::: Recorded data :::

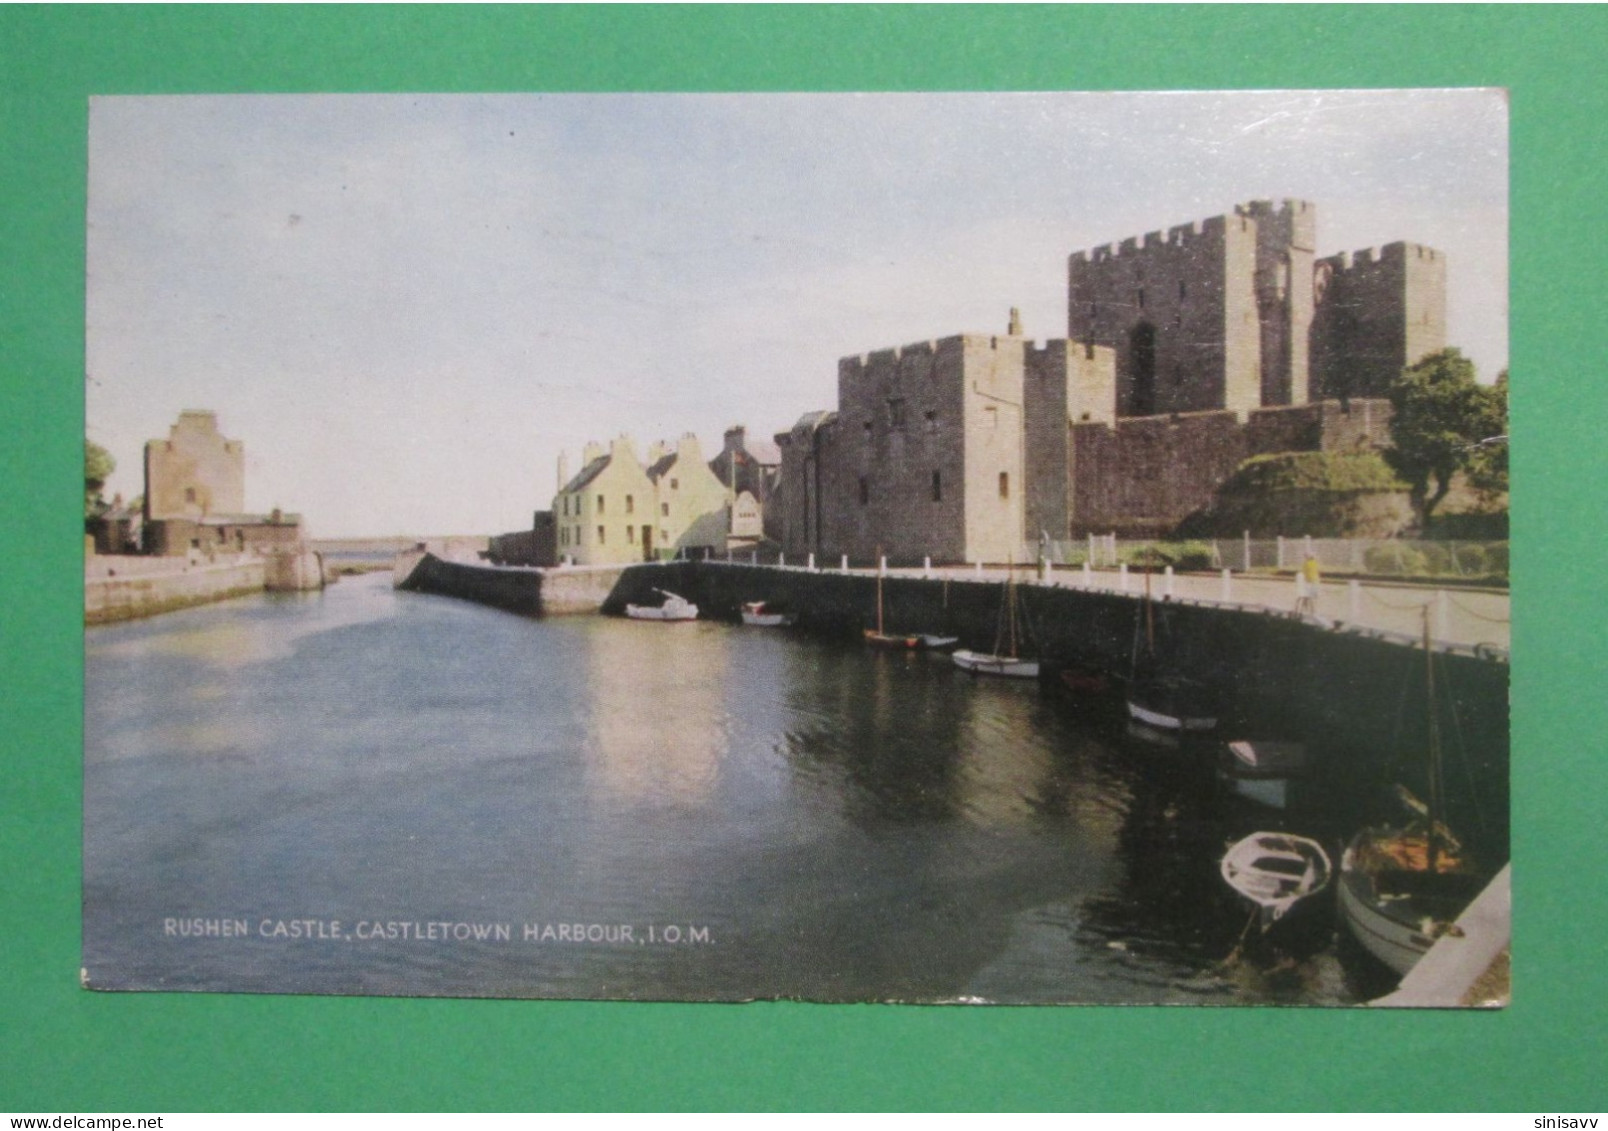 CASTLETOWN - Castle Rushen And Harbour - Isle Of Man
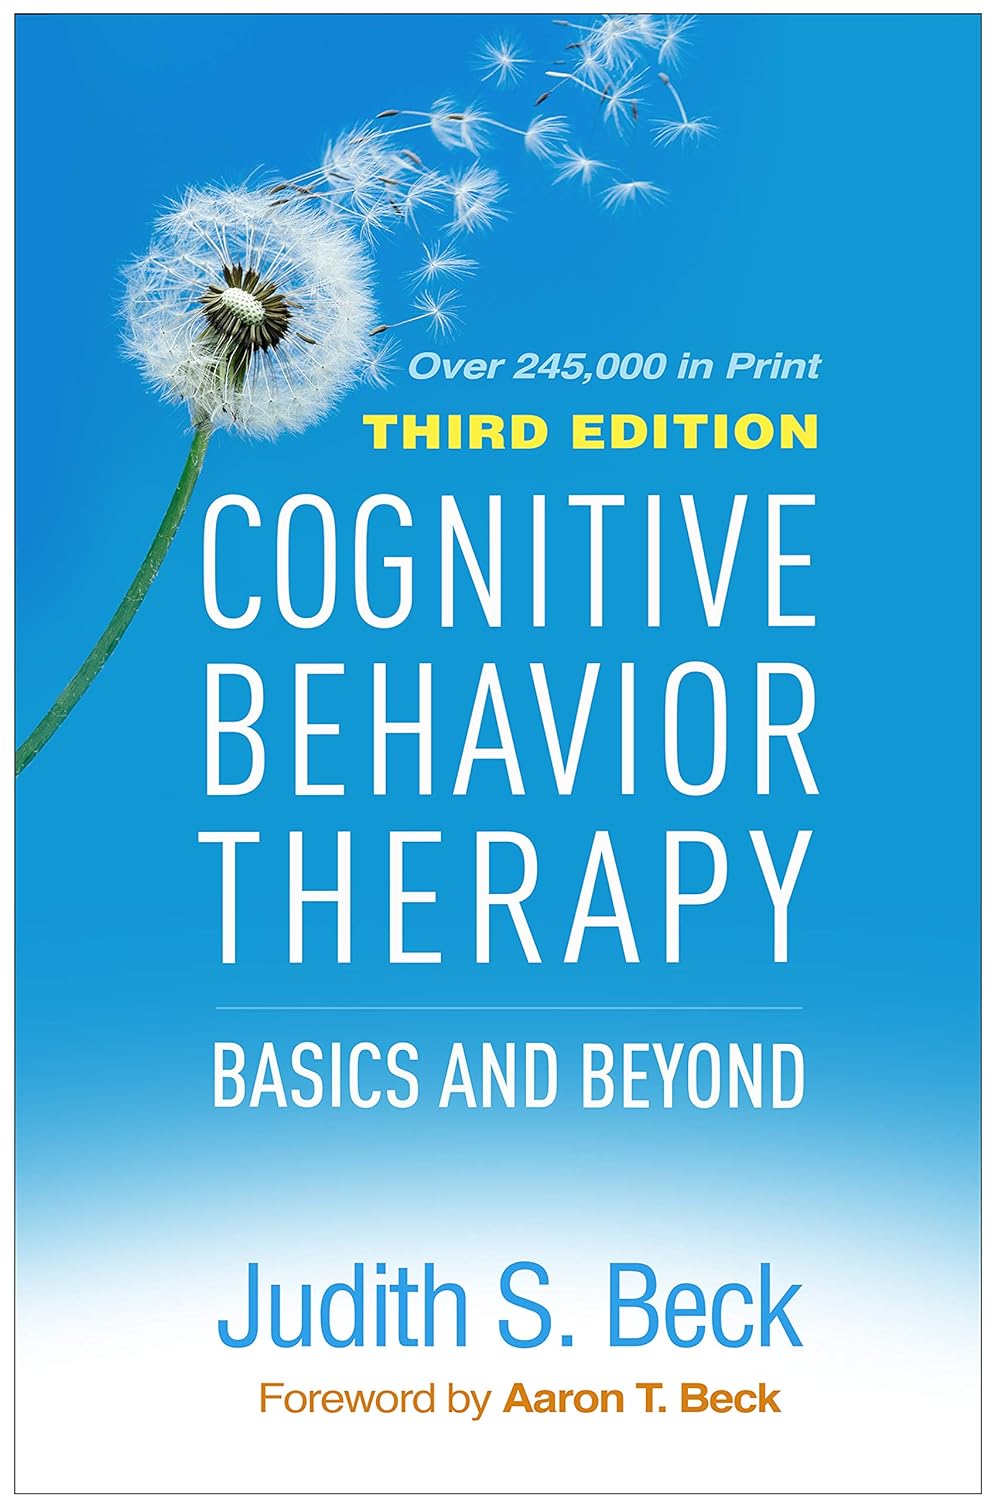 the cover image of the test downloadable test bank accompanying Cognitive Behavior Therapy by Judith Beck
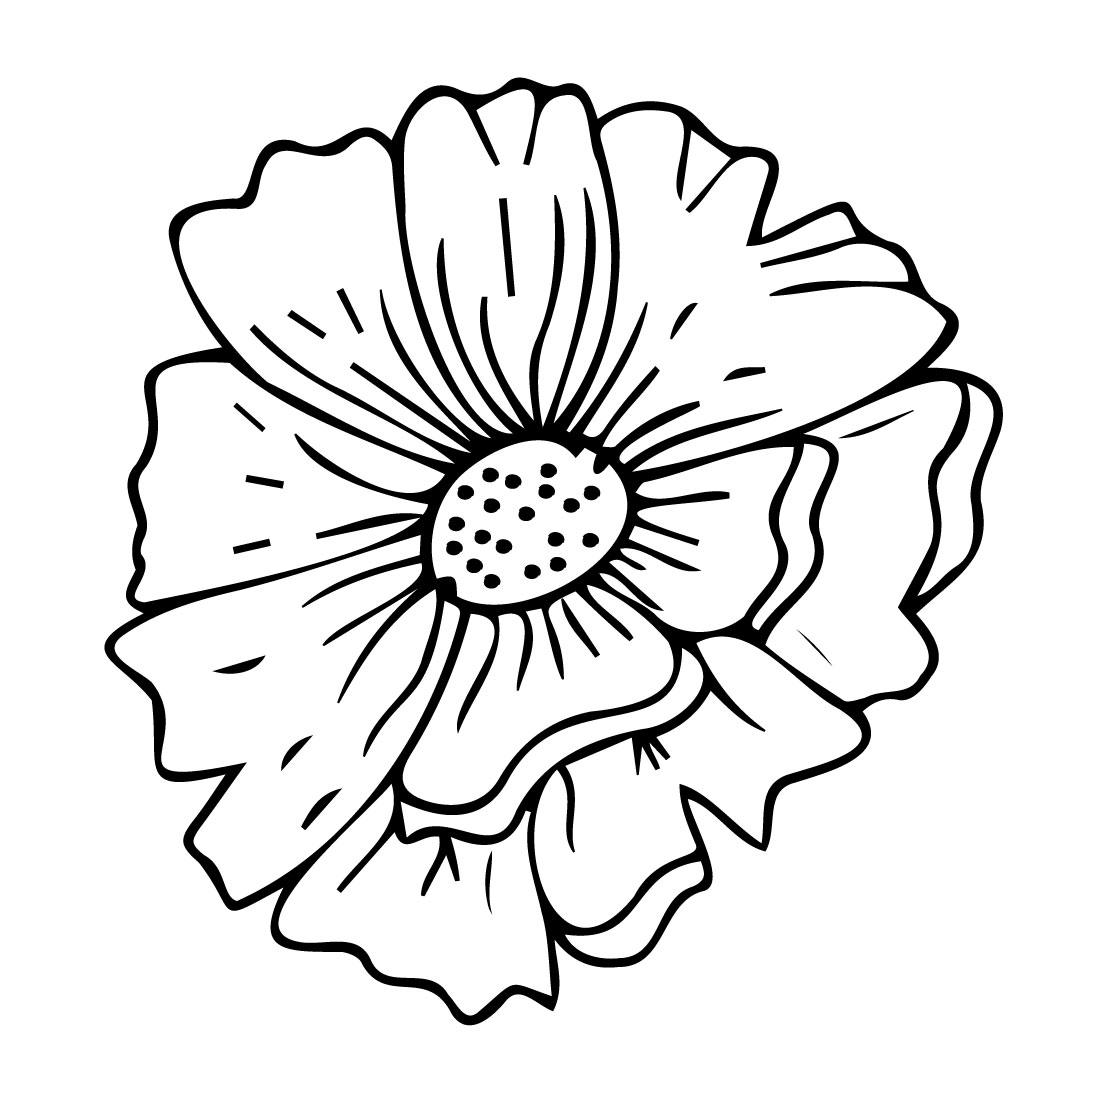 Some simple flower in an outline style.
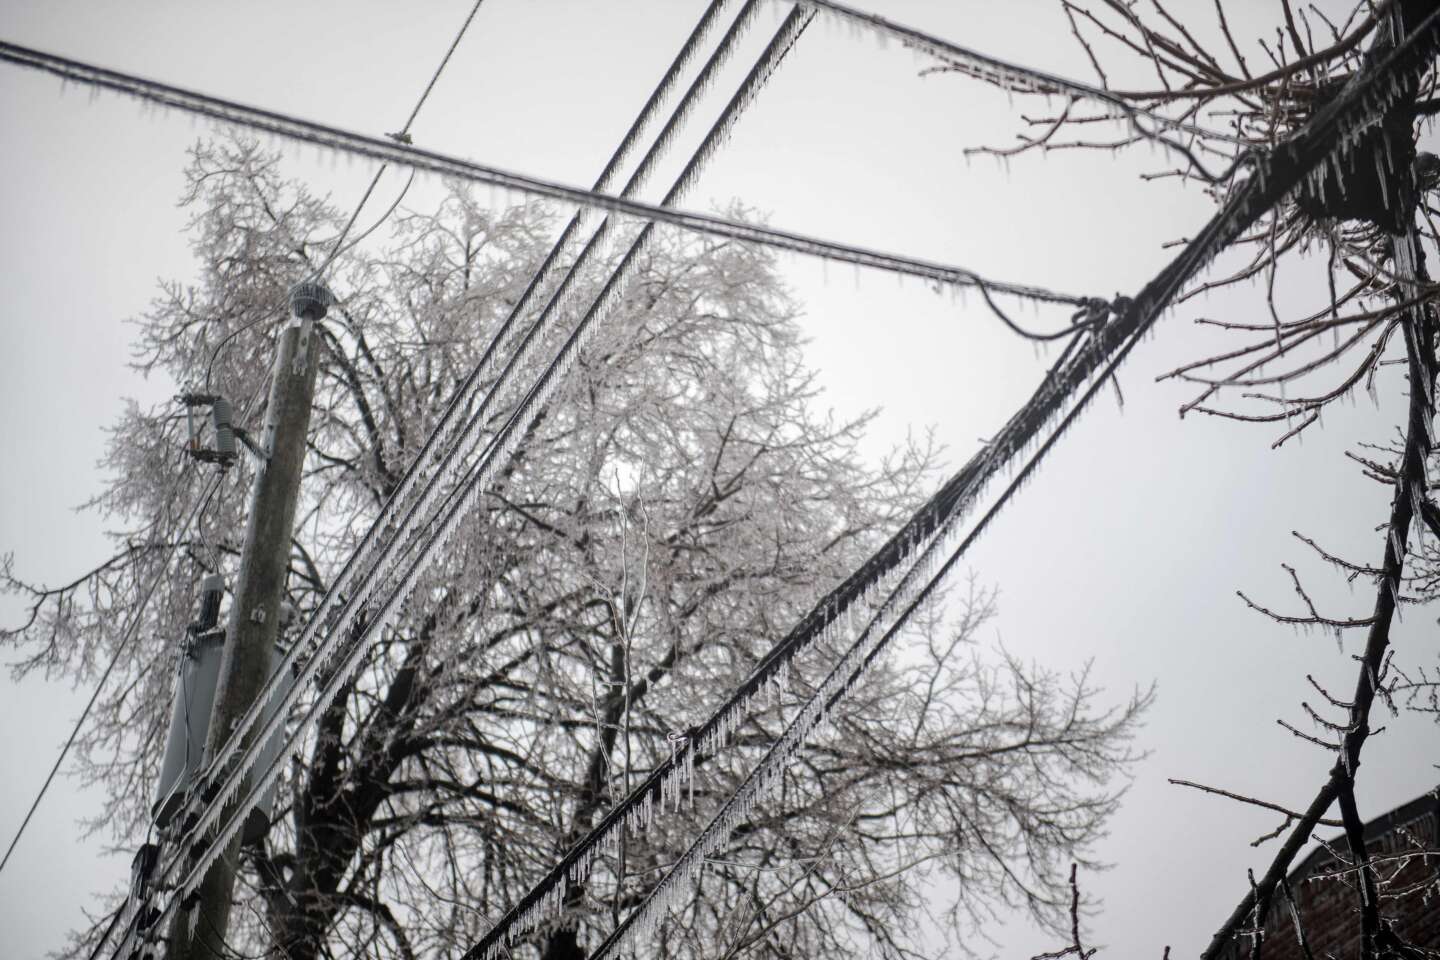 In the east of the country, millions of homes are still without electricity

:::

Problem description
Reproduce the data above in full, exactly, with the images removed.

Response to the task
 CASTLETOWN - Castle Rushen And Harbour - Isle Of Man
 the cover image of the test downloadable test bank accompanying Cognitive Behavior Therapy by Judith Beck
 Some simple flower in an outline style.
 In the east of the country, millions of homes are still without electricity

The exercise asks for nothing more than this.